We use the same XGBoost classifier trained on the Titanic dataset as in the previous materials towards Homework 2 \& Homework 3.

Unfortunately, at this moment, we can't compare dalex to alibi v0.8.0 because the latter one seem not to support categorical variables (tested using code from this notebook).

1. Load and preprocess data

In [3]:
df = dx.datasets.load_titanic()

df.loc[:, df.dtypes == 'object'] =\
    df.select_dtypes(['object'])\
    .apply(lambda x: x.astype('category'))

X = df.drop(columns='survived')
# convert gender to binary only because the `max_cat_to_onehot` parameter in XGBoost is yet to be working properly..
X =  pd.get_dummies(X, columns=["gender"], drop_first=True) 
y = df.survived

X_train, X_test, y_train, y_test = sklearn.model_selection.train_test_split( X, y, test_size=0.33, random_state=42)

2. Model

In [4]:
model = xgboost.XGBClassifier(
    n_estimators=50, 
    max_depth=2, 
    use_label_encoder=False, 
    eval_metric="logloss",
    
    enable_categorical=True,
    tree_method="hist"
)

model.fit(X_train, y_train)
Out[4]:
XGBClassifier(base_score=0.5, booster='gbtree', callbacks=None,
              colsample_bylevel=1, colsample_bynode=1, colsample_bytree=1,
              early_stopping_rounds=None, enable_categorical=True,
              eval_metric='logloss', gamma=0, gpu_id=-1,
              grow_policy='depthwise', importance_type=None,
              interaction_constraints='', learning_rate=0.300000012,
              max_bin=256, max_cat_to_onehot=4, max_delta_step=0, max_depth=2,
              max_leaves=0, min_child_weight=1, missing=nan,
              monotone_constraints='()', n_estimators=50, n_jobs=0,
              num_parallel_tree=1, predictor='auto', random_state=0,
              reg_alpha=0, reg_lambda=1, ...)
In a Jupyter environment, please rerun this cell to show the HTML representation or trust the notebook.
On GitHub, the HTML representation is unable to render, please try loading this page with nbviewer.org.
In [5]:
def pf_xgboost_classifier_categorical(model, df):
    df.loc[:, df.dtypes == 'object'] =\
        df.select_dtypes(['object'])\
        .apply(lambda x: x.astype('category'))
    return model.predict_proba(df)[:, 1]

explainer = dx.Explainer(model, X_test, y_test, predict_function=pf_xgboost_classifier_categorical)
Preparation of a new explainer is initiated

  -> data              : 729 rows 7 cols
  -> target variable   : Parameter 'y' was a pandas.Series.
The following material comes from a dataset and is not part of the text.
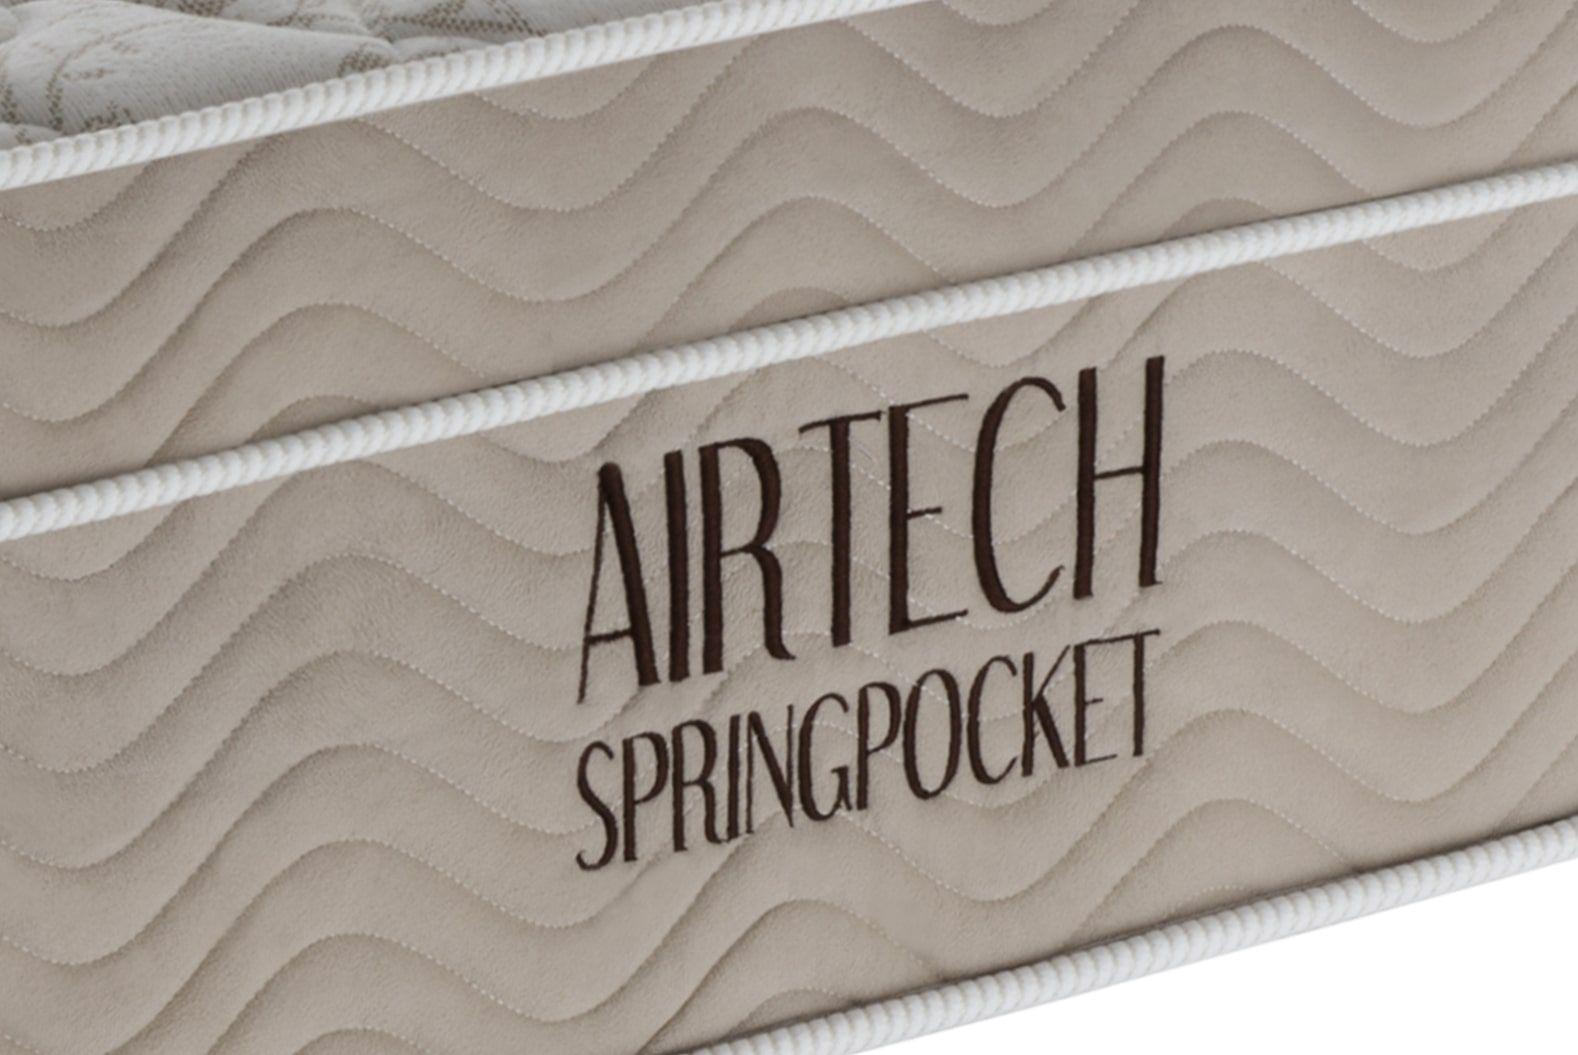 COLCHÃO ORTOBOM AIRTECH SPRING POCKET SOLTEIRO (78x188x30cm)
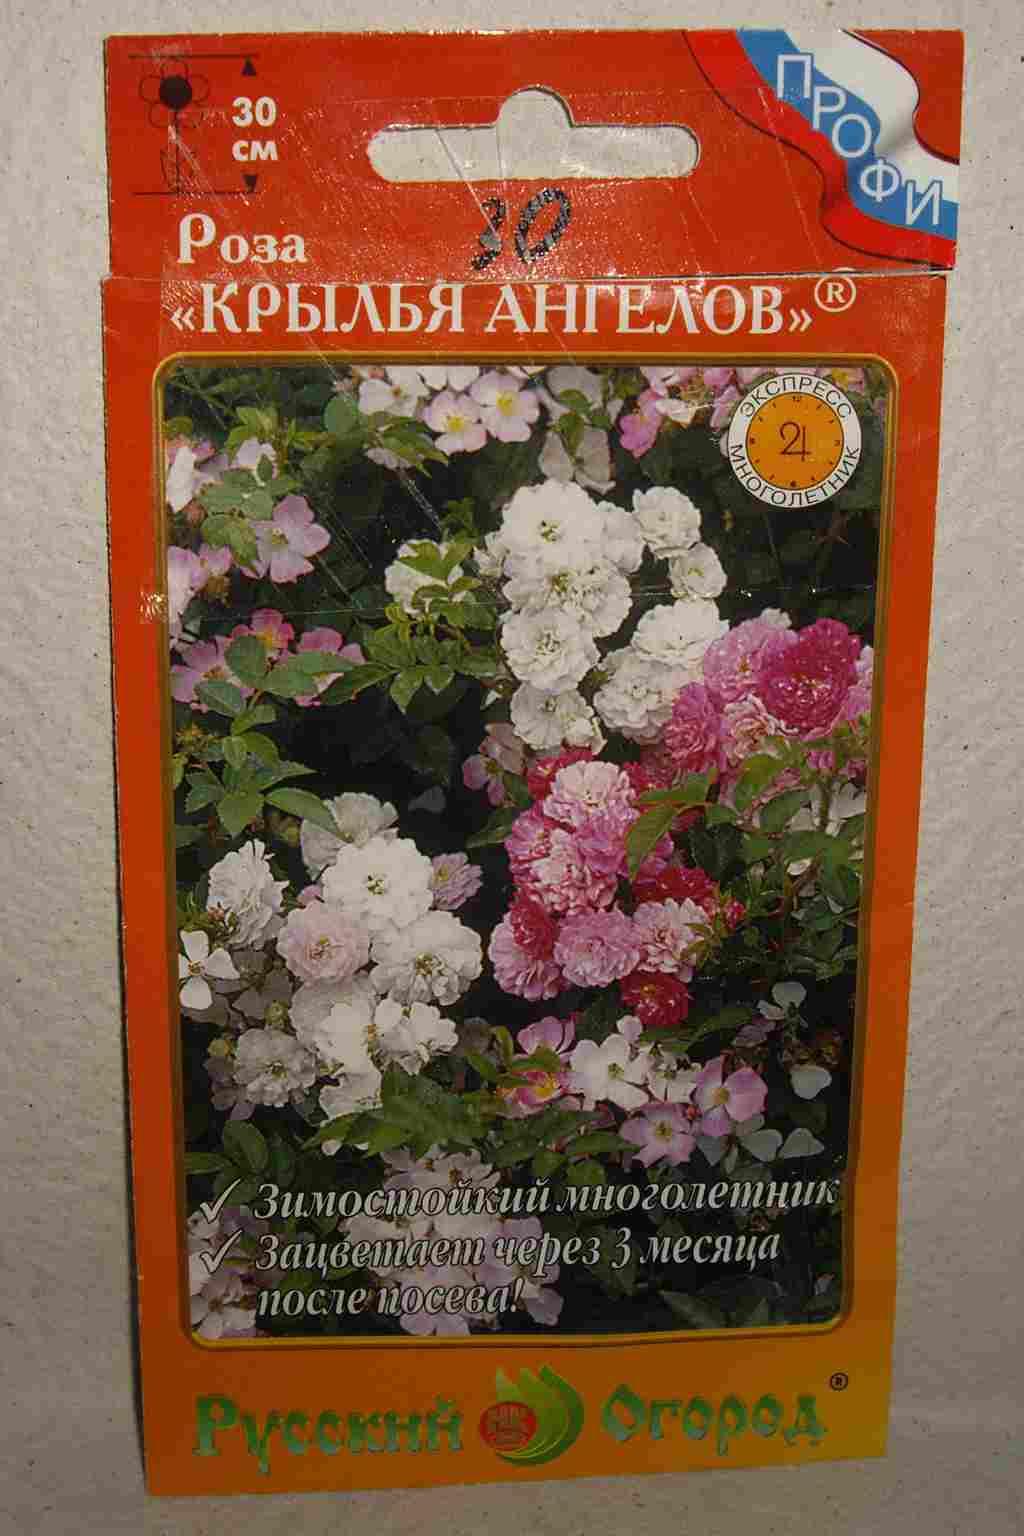 Роза крылья ангелов выращивание из семян фото отзывы 23

Converted to a numpy.ndarray.
  -> target variable   : 729 values
  -> model_class       : xgboost.sklearn.XGBClassifier (default)
  -> label             : Not specified, model's class short name will be used. (default)
  -> predict function  : <function pf_xgboost_classifier_categorical at 0x000001EC83778280> will be used
  -> predict function  : Accepts only pandas.DataFrame, numpy.ndarray causes problems.
  -> predicted values  : min = 0.0258, mean = 0.333, max = 0.99
  -> model type        : classification will be used (default)
  -> residual function : difference between y and yhat (default)
  -> residuals         : min = -0.987, mean = -0.00781, max = 0.936
  -> model_info        : package xgboost

A new explainer has been created!

3. Evaluate!

In [6]:
explainer.model_performance()
Out[6]:
recall precision f1 accuracy auc
XGBClassifier 0.582278 0.730159 0.647887 0.794239 0.809509

Which variables are important?

In [7]:
explainer.model_parts().result
Out[7]:
variable dropout_loss label
0 parch 0.189779 XGBClassifier
1 _full_model_ 0.190491 XGBClassifier
2 embarked 0.194837 XGBClassifier
3 sibsp 0.196293 XGBClassifier
4 fare 0.197369 XGBClassifier
5 age 0.243815 XGBClassifier
6 class 0.274981 XGBClassifier
7 gender_male 0.378696 XGBClassifier
8 _baseline_ 0.495097 XGBClassifier

Let's analyze variable effects with both PDP and ALE.

Ceteris Paribus

See the API documentation for all the possible values of the specific parameters:

In [8]:
cp = explainer.predict_profile(new_observation=X.iloc[[400]])
Calculating ceteris paribus: 100%|███████████████████| 7/7 [00:00<00:00, 89.74it/s]

We can visualize what-if analysis for a single observaiton of interest..

In [9]:
cp.plot(variables=["age", "sibsp"])

..and for many observations at the same time.

In [10]:
cp_10 = explainer.predict_profile(new_observation=X.iloc[400:410])
cp_10.plot(variables=["age", "sibsp"])
Calculating ceteris paribus: 100%|███████████████████| 7/7 [00:00<00:00, 82.35it/s]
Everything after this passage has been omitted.